The network graph is a powerful and interactive way to simplify the visualization of multi-dimensional data sets, but it can also become visually complex. Luckily, object filtering can address this complexity and simplify visualization by allowing the selection of the dimension of interest. Perhaps there is interest in focusing only on risk and the objects which have the highest risks (fig. 5). Or the interest in a specific type of input or output attribute needs to be isolated. The filtering options are as varied as the number of dimensions in the data set (e.g. type of requirement, layers of risk, specific unit operations, the evolution of risk over time, etc.).
Process Visualization for Change Management
Network graphs function like maps that show you cities and the roads that connect them. Typing in the name of a node is similar to typing in an address and zooming in on particular information around it. This structure brings another dimension to filtering graphs. With a specific node selected, the graph can be filtered to show which inputs upstream in the manufacturing process affect the selected node. The graph can also be filtered to show which outputs downstream in the process are affected by the selected node.
In real-world applications, visual process mapping enabled by network graphs can be very useful in root-cause investigations of deviations during the manufacturing process. For example, filtration time may be an important intermediate quality attribute of the sterile filtration unit operation in your process.

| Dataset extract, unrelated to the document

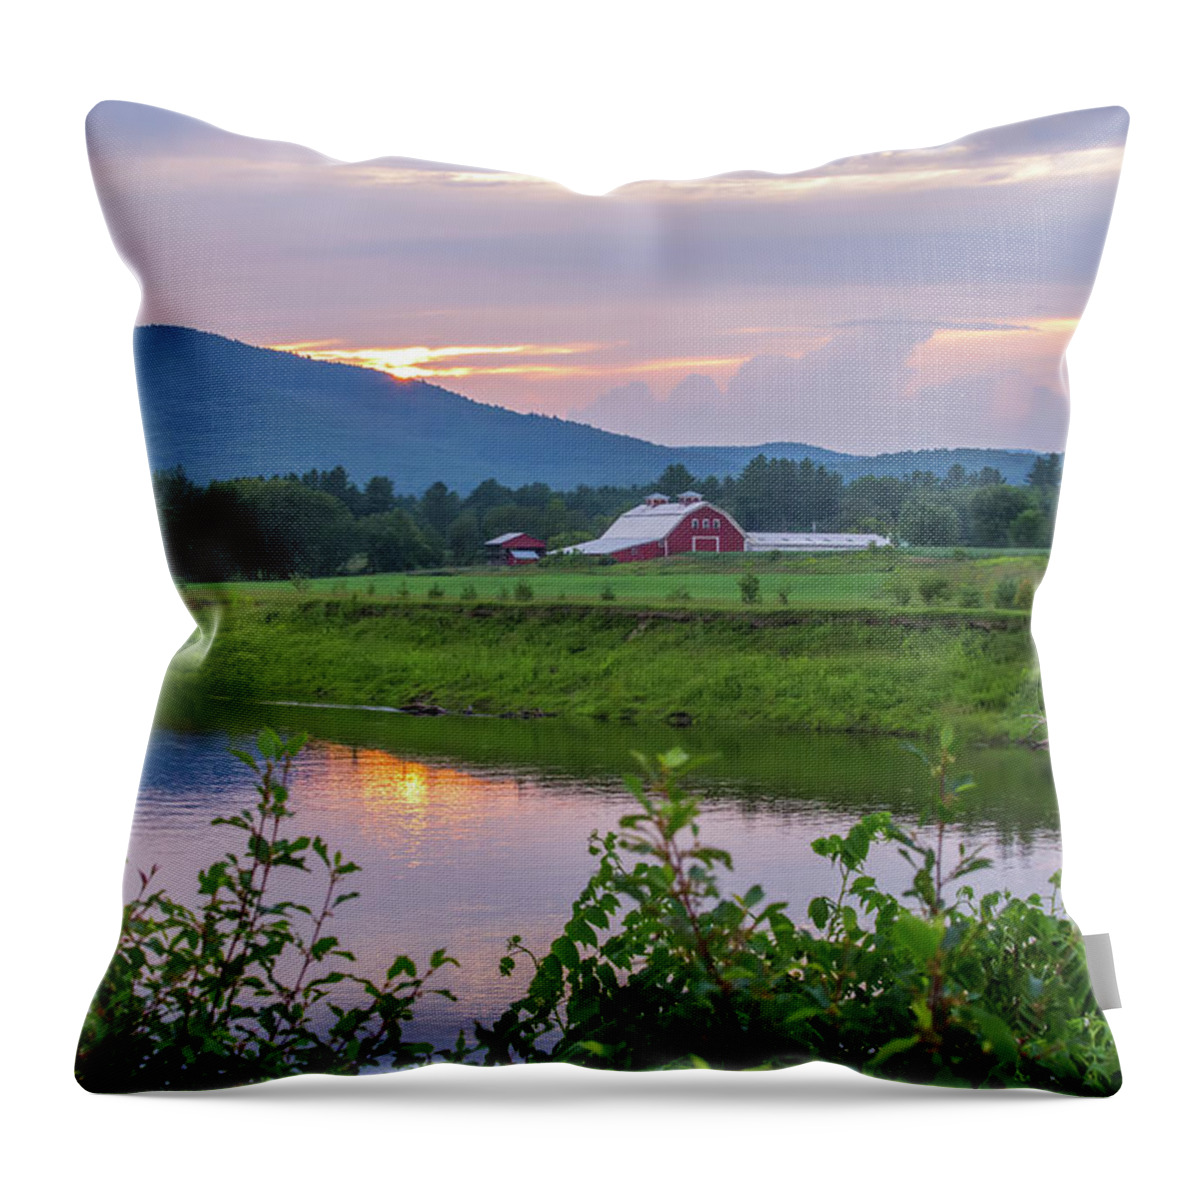 North Throw Pillow featuring the photograph North Country Barn Sunset by Chris Whiton

If there is a deviation in filtration time, a logical place to start an investigation would be to evaluate the inputs to filtration time. Network graphs simplify the identification of these inputs. Applying an upstream filter to the parameter showing the deviation can quickly identify the inputs to the parameter that may be the source of the deviation (fig 6a). Furthermore, applying the downstream filter can help assess the impact of the deviation on the rest of the process and ultimately on patient safety and efficacy (fig 6b). With the advent of ICH Q12 and the specific guidelines discussed for managing changes to the manufacturing process, understanding the relationships between critical material attributes (CMAs), critical process parameters (CPPs) and the Established Conditions (ECs) of a manufacturing process is critical. As with deviation management, the network graph is a tool well-suited to evaluate changes to a validated manufacturing process and to justify the selected course of action based on risk and scientific rationale.
Summary
The spreadsheet and the fishbone diagram have been our faithful companions for decades now, but it is time to retire these tools for evaluating risk and functional relationships in manufacturing processes. Visual process mapping enabled by network graphs is the future of the pharmaceutical industry (and others). It is time to embrace the new tools of risk management, data-based decision making, and process understanding supported by sound, scientific rationale. Visual process mapping provides multiple constituencies (CMC, technical operations, regulatory, quality) in an organization with multivariate, relational graphs encompassing risk assessment, the filtering of multidimensional data sets, change management, root cause investigation and above all - product quality-by-design.